Hello... i was trying to do this but stuck in between ...can anyone help me?
F (x)= xsin (1/x): x not equal to 0
F (x)= 0 : for x=0
For all x belongs closed interval -1,1..
Prove f (x) is uniformly continuous by using € defination?
After many years of lecturing on this material, I don't remember seeing a $\epsilon/\delta$ proof of this.
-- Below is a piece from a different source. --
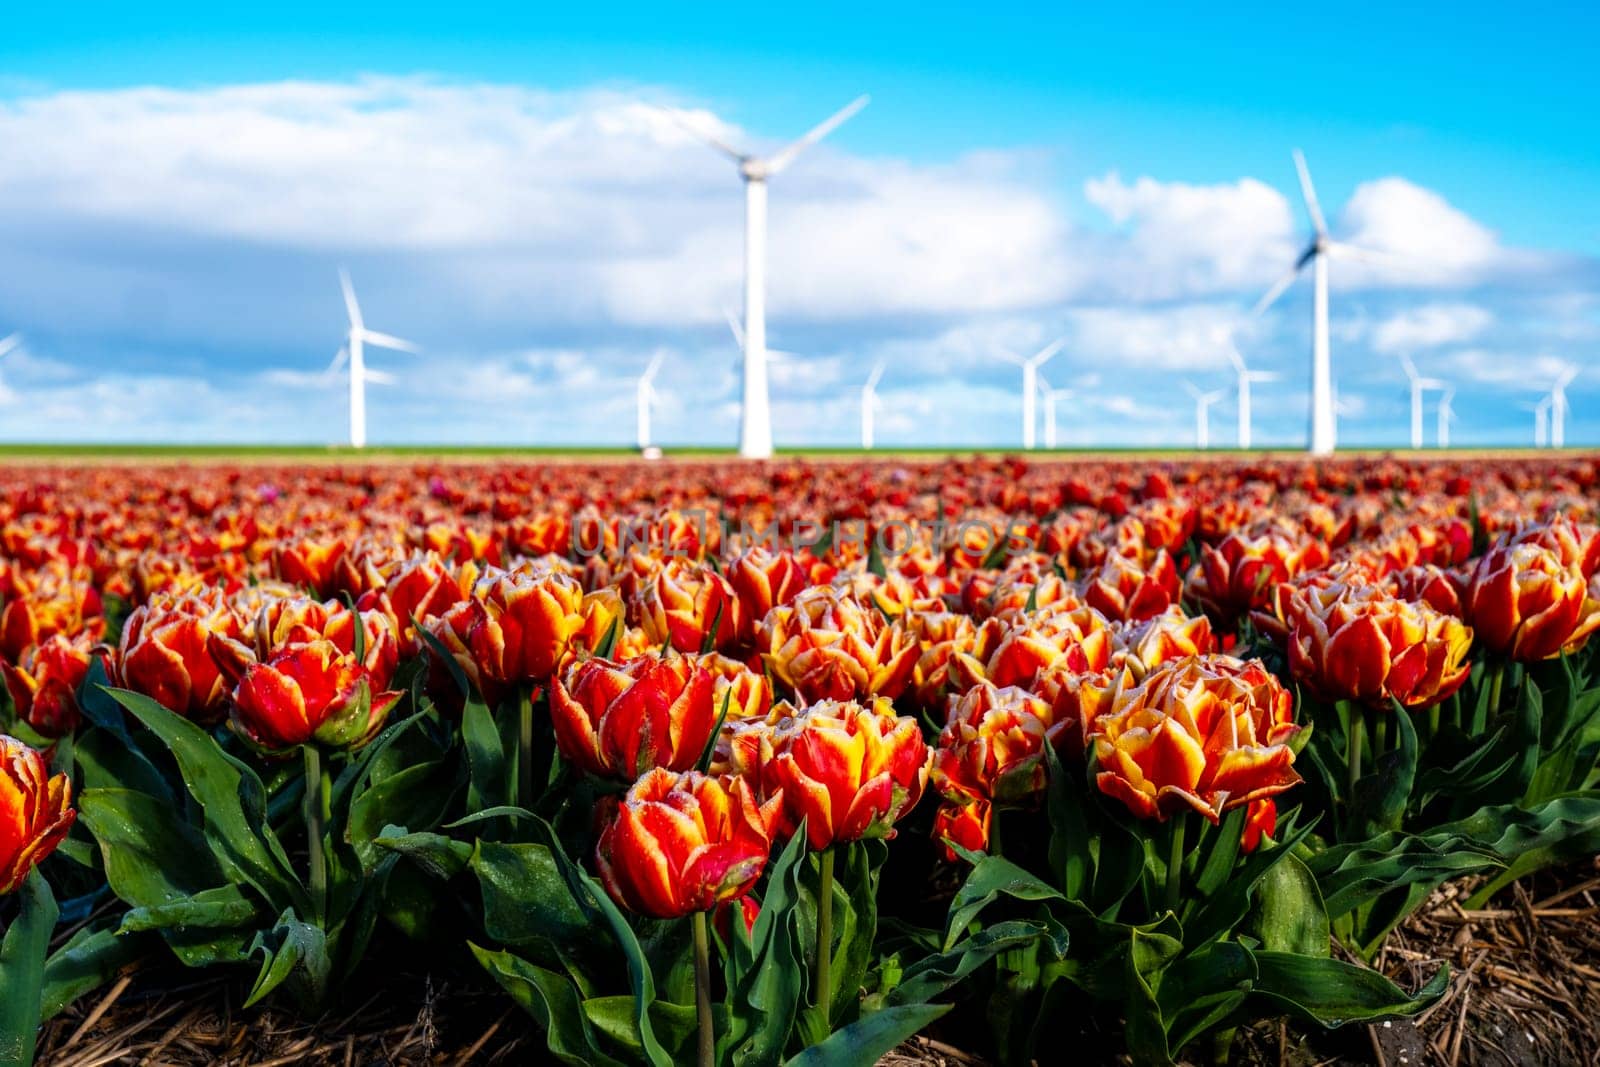 A vibrant field of red and yellow tulips sways gracefully in the spring breeze, with traditional windmills standing tall in the background by fokkebok

What I have seen many times is the fact that $F(x)$ defined above is continuous on $[0,1]$ therefore it is uniformly continuous. If you find a direct proof, then I would like to see it.
Dear plato..i have seen its solution in maths forum but i am not satisfied with that..
There in € defination they had taken
|x1Sin (1/x1)-x2sin (1/x2)| is less than or equal to |x1sin (1/x1)-x2sin (1/x1)+x1sin (1/x2)-x2sin (1/x2)|
And then simplifying RHS we get 2 |x1-x2|...
They had proved in this way but i was thinking how middle both term is always greater than or equal to LHS .. N the reason they had given was that
Both extra added term are almost equal..how they can be equal?? Can you please help me?
That's not correct- x2sin(1/x1) and x1 sin(1/x2) will not cancel. That last term should be |x1sin(1/x1)- x2sin(1/x1)+ x2sin(1/x1)- x2sin(1/x2)|= |(x1- x2)sin(1/x1)+ x2(sin(1/x1)- sin(1/x2))|.
And then simplifying RHS we get 2 |x1-x2|...
They had proved in this way but i was thinking how middle both term is always greater than or equal to LHS .. N the reason they had given was that
Both extra added term are almost equal..how they can be equal?? Can you please help me?